- Born: Athanassios Spyridon Fokas 30 June 1952 (age 74) Cefalonia, Greece
- Education: Imperial College (B.S., 1975); Caltech (Ph.D., 1979); University of Miami School of Medicine (M.D., 1986);
- Known for: Fokas method Calogero–Degasperis–Fokas equation Fokas–Lenells equation
- Awards: Naylor Prize Aristeion Prize in Sciences of the Academy of Athens (2004) New Year's list of honours (2005) of the President of the Hellenic Republic Commander of the Order of the Phoenix (2005) Professorial Fellow of Clare Hall (2005) Aristeion Prize of the Bodossaki Foundation jointly with D. Christodoulou (2006) Guggenheim Fellowship (2009) Fellow of the European Academy of Sciences (2010) Honorary Doctorate of Sciences – Technical University of Crete (2004) Honorary Doctorate of Mathematics – University of Patras (2004) Honorary Doctorate of Applied Mathematics and Physical Sciences – Technical University of Athens (2005) Honorary Doctorate in Mathematics – University of Athens (2006) Honorary Doctorate of Computer Engineering and Telecommunications – University of Western Macedonia (2007) Honorary Doctorate in Material Science – University of Ioannina (2012) Honorary Doctorate in Electrical and Computer Engineering – Democritus University (2018)
- Scientific career
- Fields: Mathematics Engineering Medicine
- Workplaces: Clarkson University Imperial College London University of Cambridge University of Southern California
- Doctoral advisor: Paco Axel Lagerstrom

= Athanassios Fokas =

Greek mathematician (born 1952)

Athanassios Spyridon Fokas (Αθανάσιος Σπυρίδων Φωκάς; born 30 June 1952) is a United Kingdom–based Greek academic, educator and scientist, with degrees in Aeronautical Engineering and Medicine.
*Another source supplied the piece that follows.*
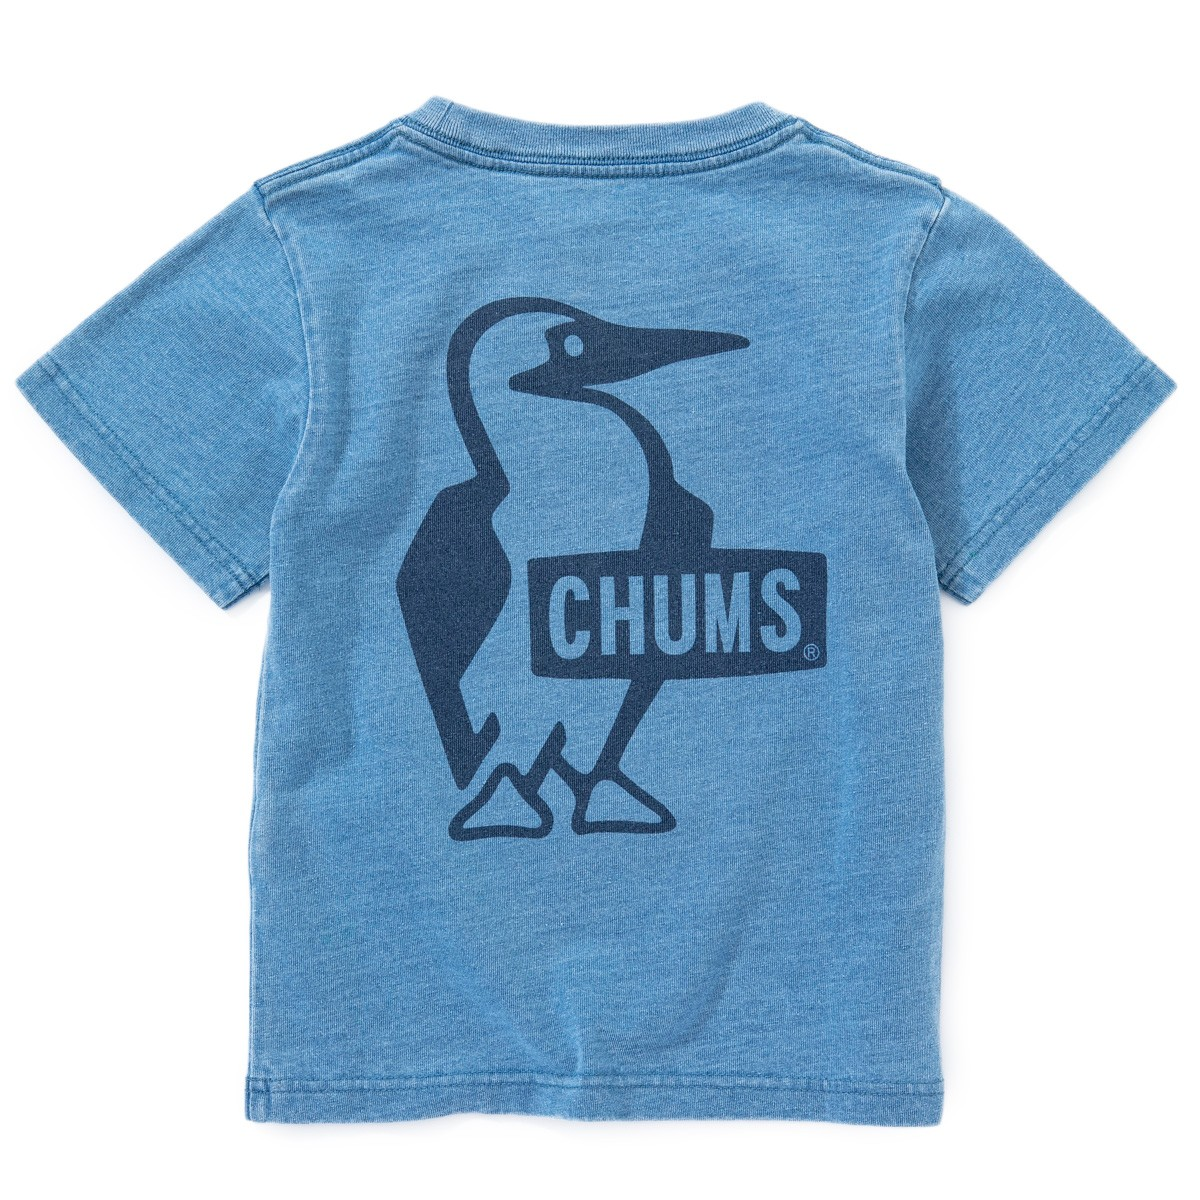 Kid's Booby Logo T-Shirt Indigo チャムス キッズ ブービーロゴ Tシャツ インディゴ

Since 2002, he is Professor of Nonlinear Mathematical Science in the
Department of Applied Mathematics and Theoretical Physics (DAMTP) at the University of Cambridge.

==Education==
Fokas earned a BS in Aeronautics from Imperial College in 1975 and a PhD in Applied mathematics from Caltech in 1979. His dissertation, Invariants, Lie-Backlund Operators and Backlund Transformations, was written under the direction of Paco Axel Lagerstrom. He subsequently attended the Miller School of Medicine at the University of Miami, earning his medical degree in 1986.

==Career==
After medical school, Fokas was appointed Professor and Chair of the Department of Mathematics and Computer Science at Clarkson University in 1986. From there, he moved to Imperial College in 1996 to a Chair of Applied Mathematics. Since 2002, he holds the Professorship of Nonlinear Mathematical Science (2000) in the Department of Applied Mathematics and Theoretical Physics at the University of Cambridge, a professorship established in the year 2000 for a single tenure. He was elected a Member of the Academy of Athens in 2004 and a professorial fellow of Clare Hall, Cambridge in 2005.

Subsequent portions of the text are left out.